Surprisingly, a wolfish grin is what I get in return. It's like what I said was actually funny. "Like a ghost..." he mumbles dreamily, caught in his own world.

"What was that?" I say, though I heard him loud and clear.

"Ah, nothin'," he replies, and he shakes his head, almost like he can't believe what's happening. I can't really either.

I watch his mannerisms for a few seconds before I notice there's something off about him, in the way he's breaking out in a sweat despite the fact it's November and it's real fuckin' freezing, and that his eyes are real wide. Crazy wide, like someone who's surviving solely off caffeine and the pep pills my ma used to smuggle when she thought I wasn't looking. His pupils are big, blown up, and his bright green irises are a tiny sliver wrapped around the blackness.

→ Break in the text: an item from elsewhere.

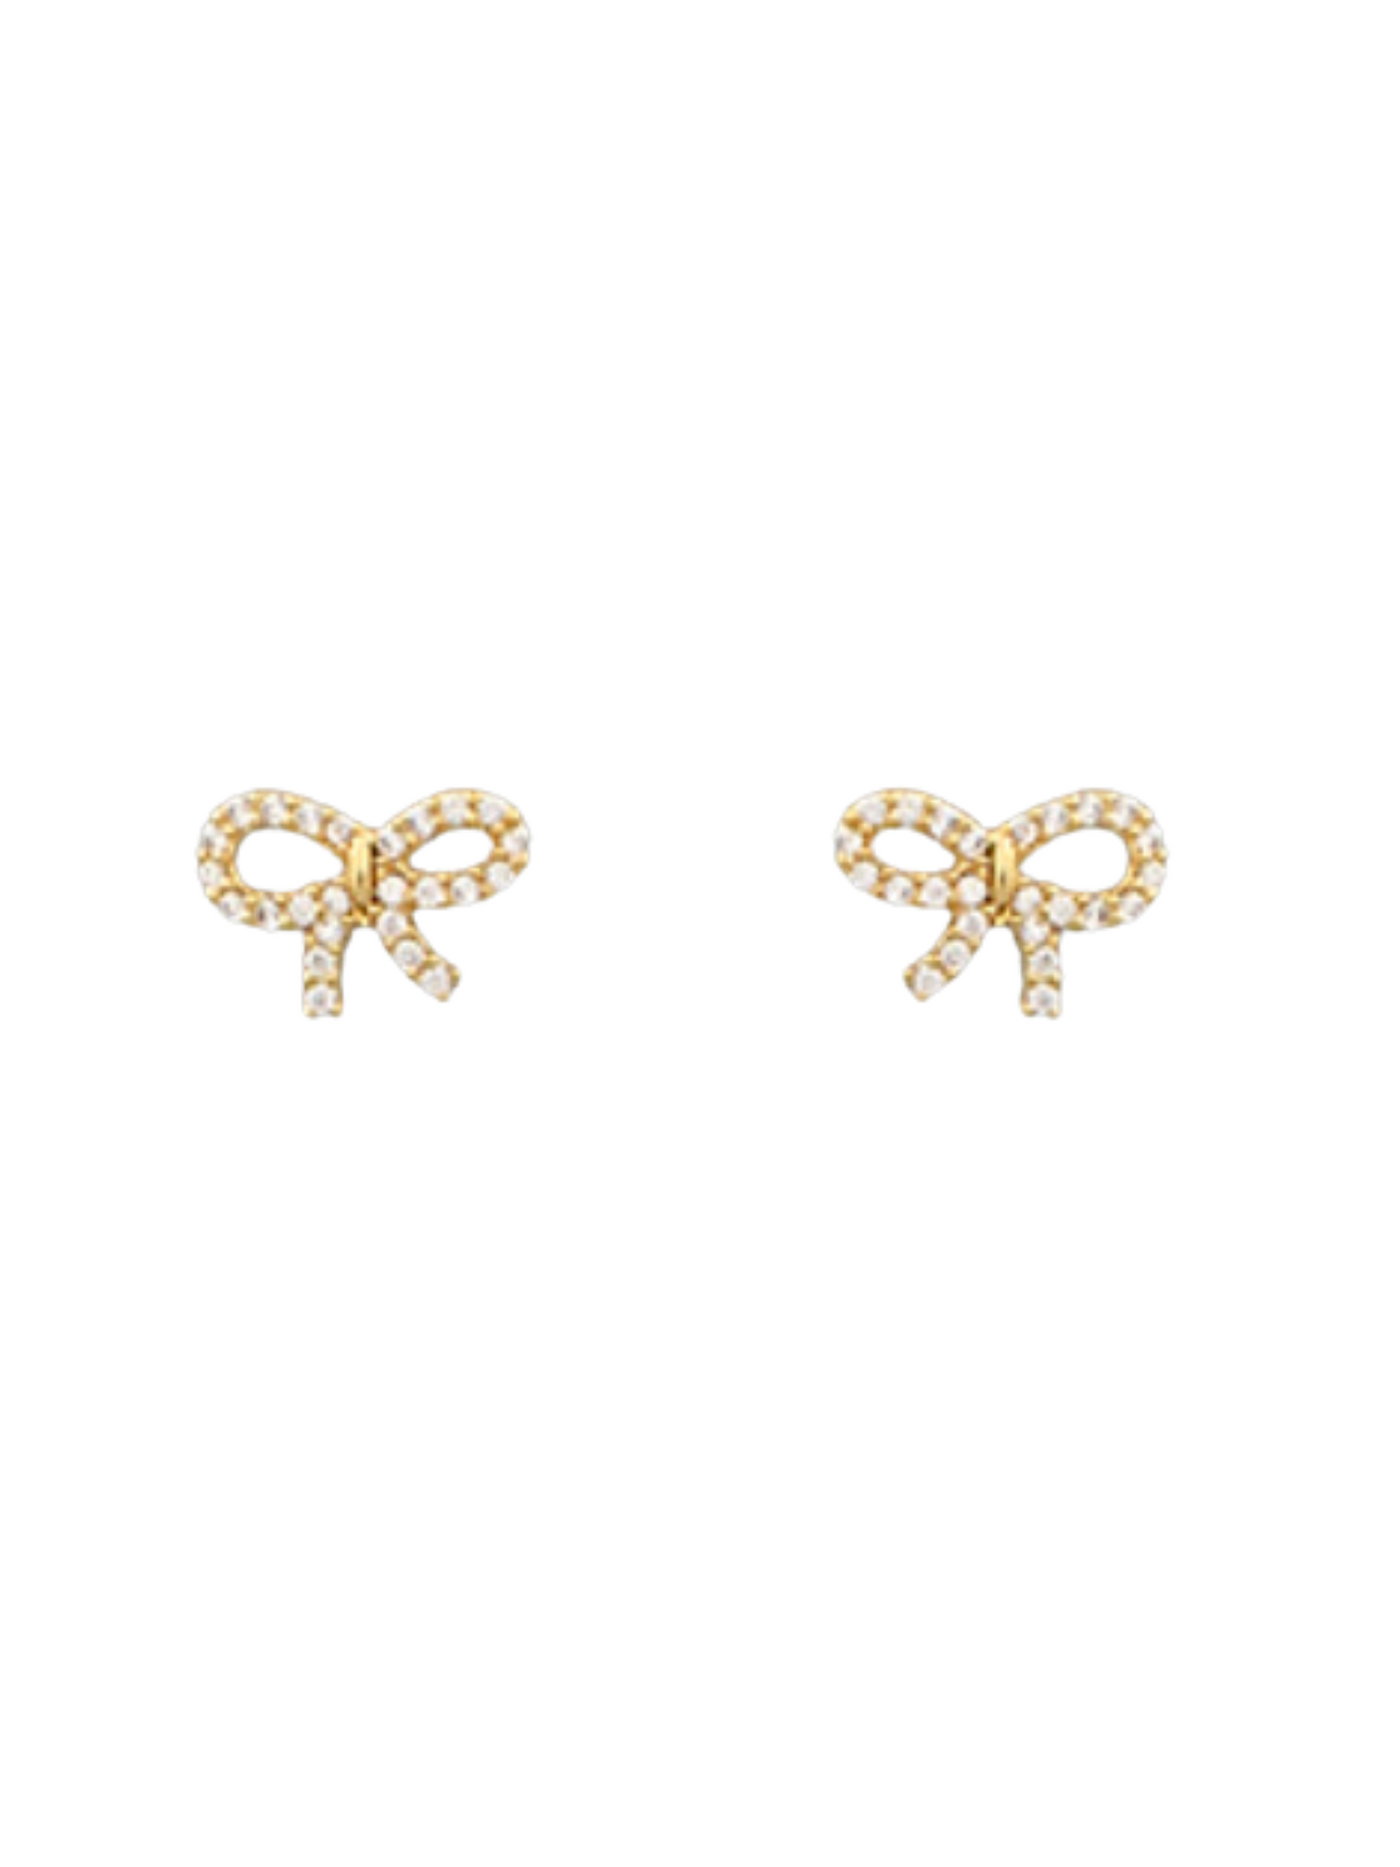 Crystal Bow Earrings in gold on white background.

"Oh, Jesus." It comes out before I can stop myself. "What are you on?"

He has the decency to look ashamed. But what he says next catches me off guard. "It's that obvious, huh?"

"Well, kid," and we both flinch when I say "kid", because it's such a blatant reminder of the past, and I don't think either of us like reminders of the past. "I hate to break it to you, but anyone who is blind, deaf, and dumb would be able to tell you're doped up on somethin'." I pause and think. My frozen, tiny heart cracked a little earlier, but now I think it's completely broke.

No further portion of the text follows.